This Week In Legal Tech: The Facebook Phenomenon That Is 'Lawyers Of The Left'

A new organization of lawyers provides a glimmer of hope in a time of despair.

Facebook_like_thumbOn election night, as results rolled in, many lawyers, like many in the population at large, fell into a stupefied state of shock. “Numb” is the word I heard many use to describe how they felt. But for many other lawyers, the election was a call to action.

One such lawyer is Traci Feit Love, a Harvard Law graduate and vice president of a legal marketing agency, 180 Legal. While her initial reaction, she later wrote, was despair, anger, fear and disbelief, by the next morning she began to see hundreds of Facebook posts from lawyers proposing positive action.

“I thought to myself: Why not create a small Facebook group where those action-minded lawyers could really start making a difference?” Love wrote.

Just before noon on the Wednesday morning after the election, she posted an invitation on Facebook to join a new group of like-minded lawyers who were not happy with the election outcome and wanted to contribute their knowledge, skills and support “towards a better future.”

She made the group invitation-only and named it Lawyers of the Left. That night, she began sending invitations more widely, hoping to grow the group to 150 members by the end of Friday. When she awoke Thursday morning, the group had already grown to 624. Thirty minutes later, it was 800. From there, it exploded.

By 9:30 p.m. on Friday, the group had grown to more than 60,000 members. Within a week, it swelled to over 100,000 members. As of this morning, there were close to 120,000 members. Its members represent every state plus at least 26 other countries.

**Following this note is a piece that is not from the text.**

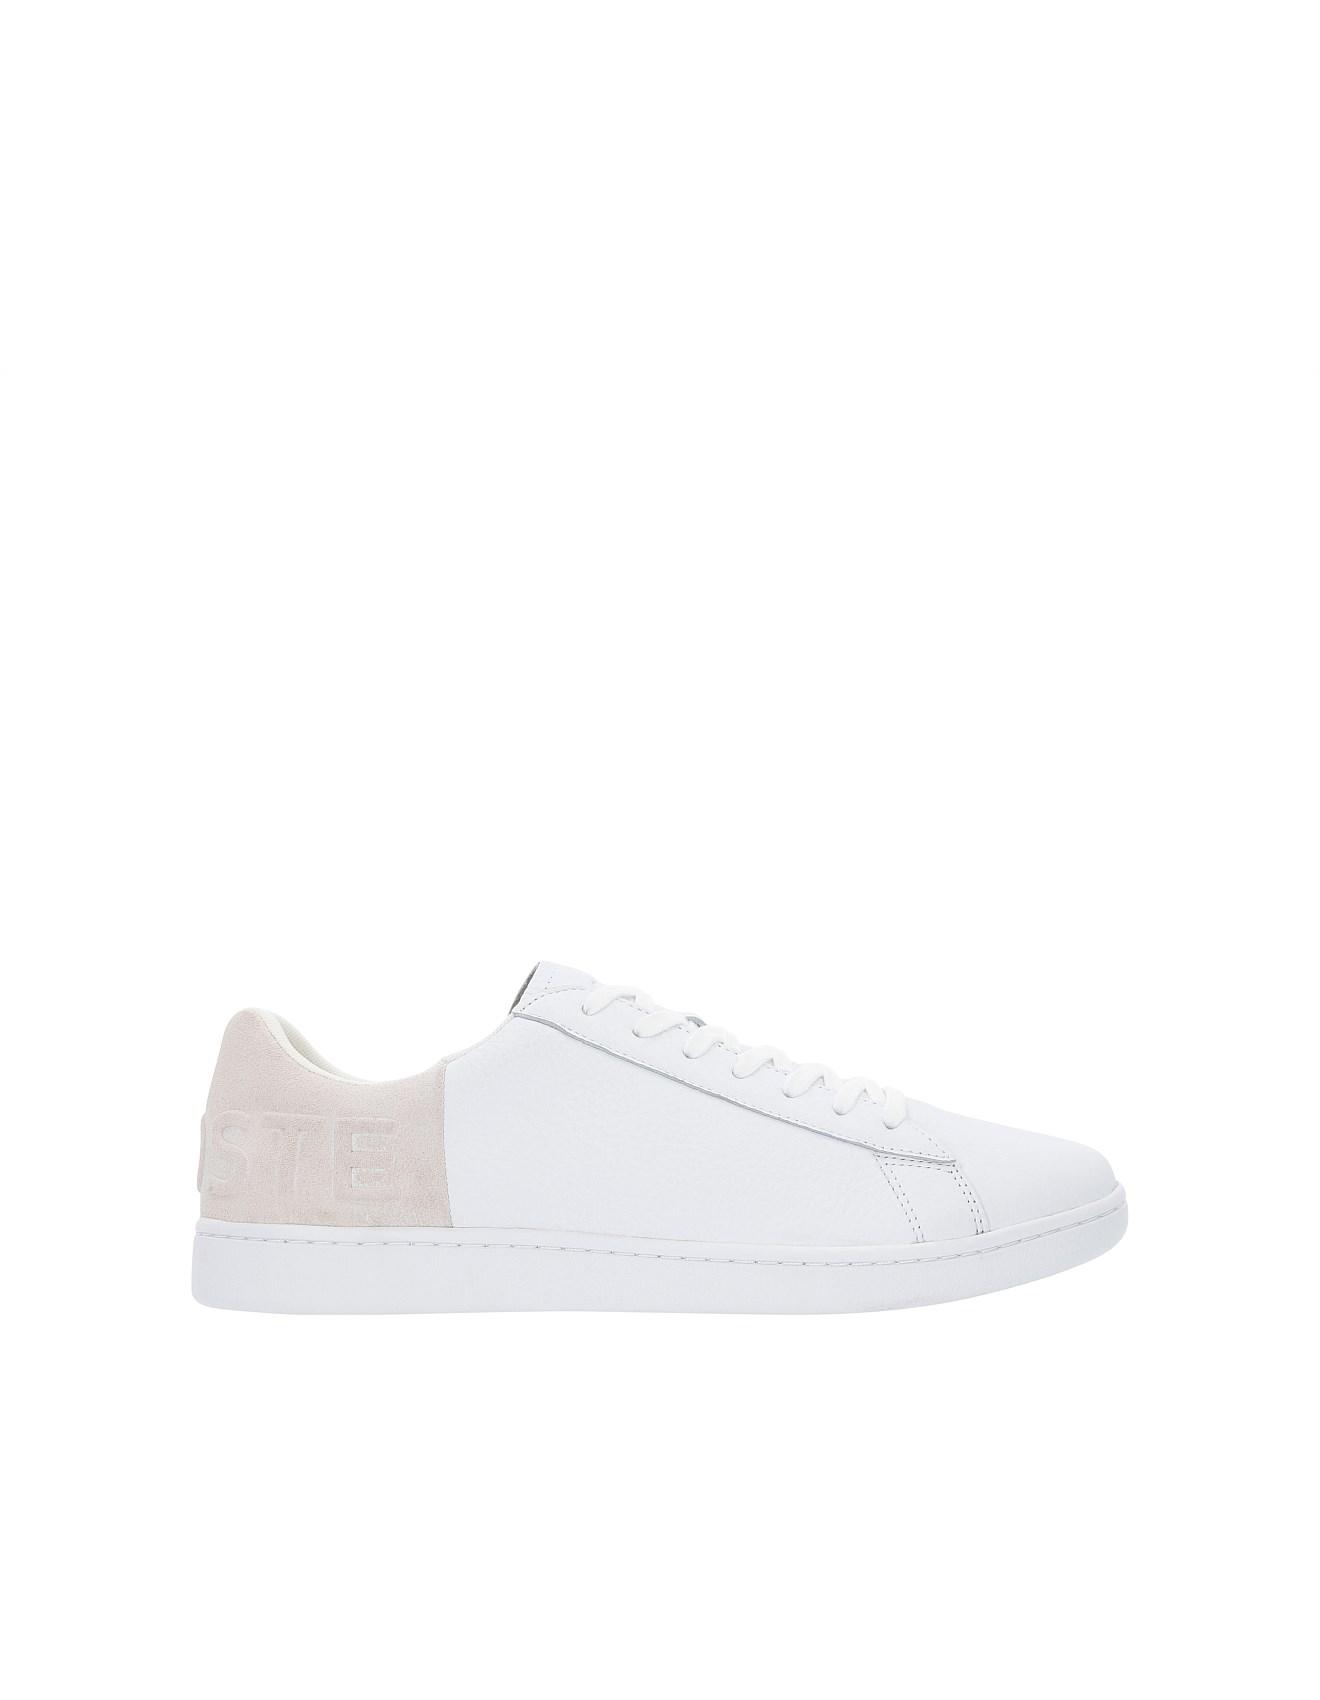 Shoes - CARNABY EVO 419 2 SMA SMA WHT

Meanwhile, an organization has been taking shape. Lawyers of the Left now has a mission statement, a set of community guidelines, and even a media policy. Over the weekend, it set up a structure of subchapters – one for each state plus an international group – and is in the process of identifying subchapter leaders. It is creating committees to focus on specific issues. And it is beginning to explore funding options.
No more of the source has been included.